Von der Notwendigkeit überzeugender Ergebnisse
(…) Seit der Insolvenz des DMR von 2002 gibt es nun den DMR e.V. und die DMR gProjektGmbH. Beide DMR-Teile leisten in sehr eigener Art wichtige Beitrage zur Musikalischen Bildung, die bei stringenterer Vernetzung noch wesentlich bessere Synergieeffekte erreichen könnten. Dies war auch der Grund, dass die KMPWH einer Wiedervereinigung dieser beiden Teilinstitutionen bei der Mitgliederversammlung im letzten Jahr zugestimmt hat. Es ist müßig, Außenstehenden immer wieder erklären zu müssen, warum die Projekte z.B. „Jugend musiziert“ und die starke Kraft der musikpädagogischen Verbände im DMR in zwei Teilinstitutionen organisiert sind, was lange Informations- und Kommunikationswege bedeutet. Das gemeinsame Entwickeln von musikpädagogischer Strategie, künstlerischer Initiative und bildungspolitischer Initiative liegt so auf der Hand und wird zum Teil durch die gleichen Personen getragen. (…) Eine faktische Verschränkung beider DMR-Teile ist also vom Denken und Realisieren vieler Sachlagen her bereits gegeben. Was ist sinnvoller, nun auch Nägel mit Köpfen zu machen oder besser die Notenlinien und die Noten nicht weiter auf getrennten Blättern zu notieren. Das entsprechende Prozedere einer sinnvollen Vernetzung und eines Aneinanderrückens sollte jedoch weiterhin vom Deutschen Musikrat selbst in die Hand genommen werden, möglicherweise entdecken bei entsprechenden überzeugenden Ergebnissen auch Politiker Gefallen daran.

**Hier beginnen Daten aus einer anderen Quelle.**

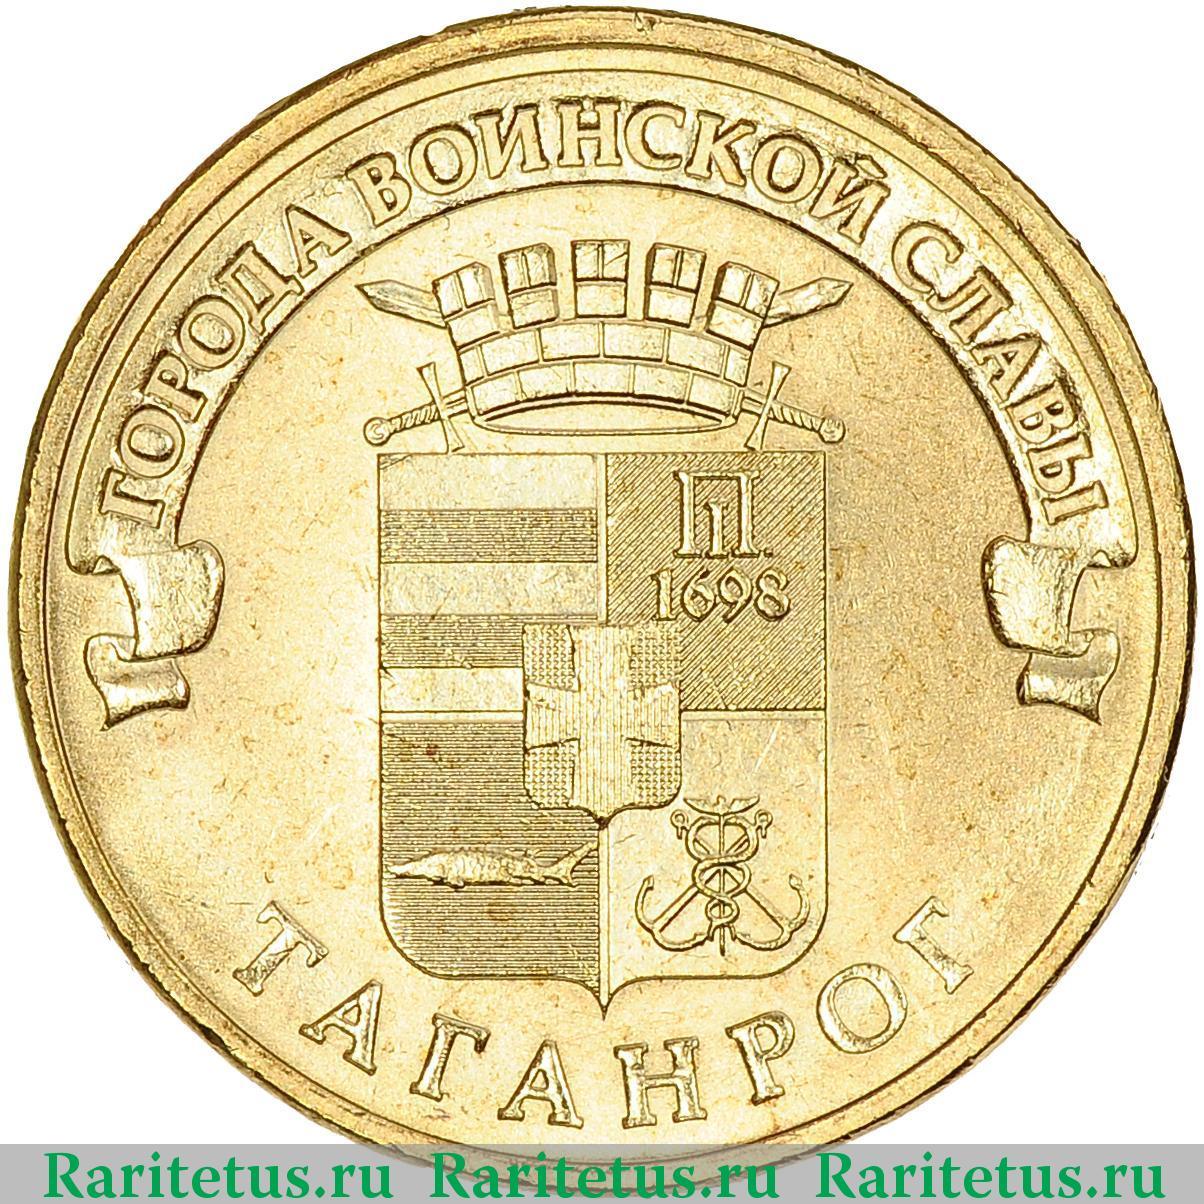 Сколько стоит монета 10 рублей 2015 сколько стоит монета 2 рубля 2000

Prof. Birgit Jank, Konferenz Musikpädagogik an Wissenschaftlichen Hochschulen
Pragmatische, praktikable und intelligente Lösung
(…) Es grenzt schon an Erpressung, wenn die öffentliche Hand – und zwar Bund und Länder – damit droht, im Falle einer Veränderung des Status quo ohne ihre Zustimmung alle Fördermaßnahmen zu stoppen und auf diese Weise eine vernünftige Weiterarbeit der in unserer Kulturlandschaft einmaligen und unersetzbaren Projekte des Deutschen Musikrates unmöglich zu machen. Dies erinnert stark an das Verhalten vor und während der Insolvenz. Auch hier wurde eine Fortsetzung der Fördermaßnahmen davon abhängig gemacht, dass die Projekte in Form einer Projekt gGmbH weitergeführt werden. So blieb dem Deutschen Musikrat damals nur, diese Forderung zu erfüllen. Und jetzt soll an dieser Konstruktion wieder etwas geändert werden? Die maßgeblichen politischen Stellen halten dieses Ansinnen für verfrüht und wehren sich sehr heftig gegen eine Veränderung zum jetzigen Zeitpunkt. Da sind auch der Präsident, die Vizepräsidenten, der Generalsekretär sowie das ganze Präsidium des Deutschen Musikrates machtlos. Nochmals: Schwäche ist dem Präsidium in diesem Falle nicht zu unterstellen. Schließlich hat dieses nur umzusetzen versucht, was die Mitgliederversammlung und die Landesmusikräte als Auftrag erteilt hatten.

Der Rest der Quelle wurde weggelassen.